The melting of the ice caps in the Arctic. Image by Roxanne Desgagnés.
In 2015, British journalist Tim Marshall published Prisoners of Geography: Ten Maps That Tell You Everything You Need to Know About Global Politics. This book breaks the globe into ten regions, analyzing how geographical features like rivers, mountains, and seas influence political decisions, military strategies, and economic development. Tim Marshall is praised for making a complex topic accessible and engaging. However, his book also faces criticism for certain omissions. Critics point out that by focusing solely on geography, Marshall sometimes neglects other significant factors in political decision-making. In any case, it is useful to learn from the ideas in Prisoners of Geography.
Below, there is a summary of the tenth chapter of the book, which focuses on the Arctic. You can find all available summaries of this book, or you can read the summary from the previous chapter of the book, by clicking these links.

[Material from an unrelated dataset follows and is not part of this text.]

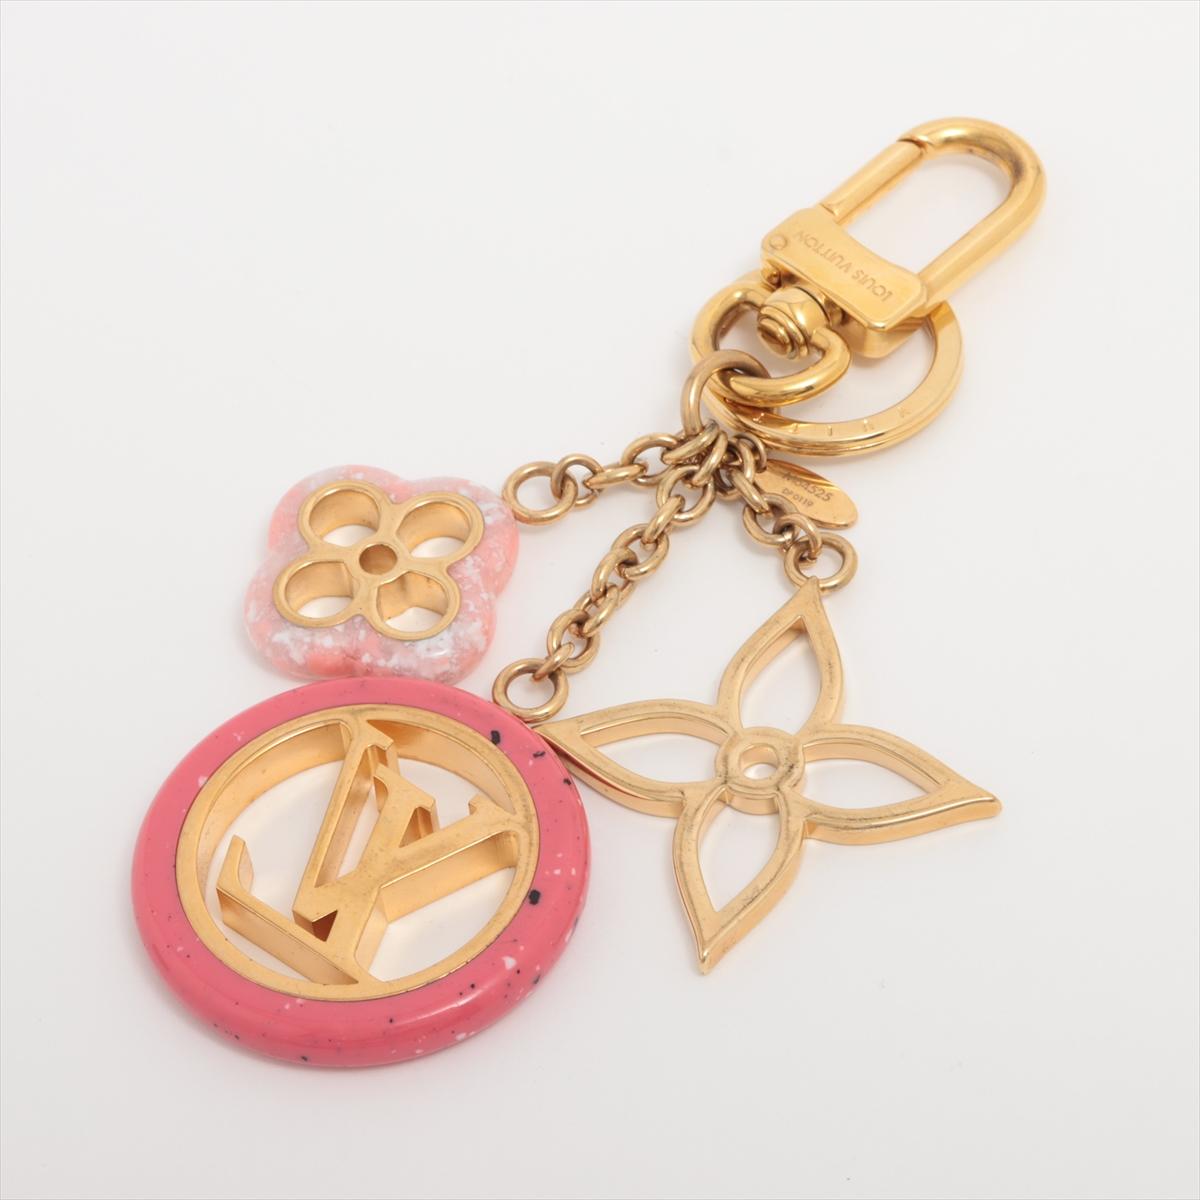 Louis Vuitton Colorline Bag Charm In Good Condition For Sale In Indianapolis, IN

Marshall presents the Arctic as a region where geography is changing faster than political habits. For centuries, ice made the far north difficult to cross, exploit, police, or fight over. As the ice retreats, routes that once belonged mostly to explorers and military planners become practical questions for shipping companies, energy firms, coastal states, and international lawyers. In Marshall’s view, Russia enters this new phase with the clearest Arctic posture: it has the longest northern coastline, the largest regional infrastructure, and the strongest ice-capable fleet. The United States is also an Arctic state through Alaska, but Marshall argues that Washington has treated the region with far less urgency.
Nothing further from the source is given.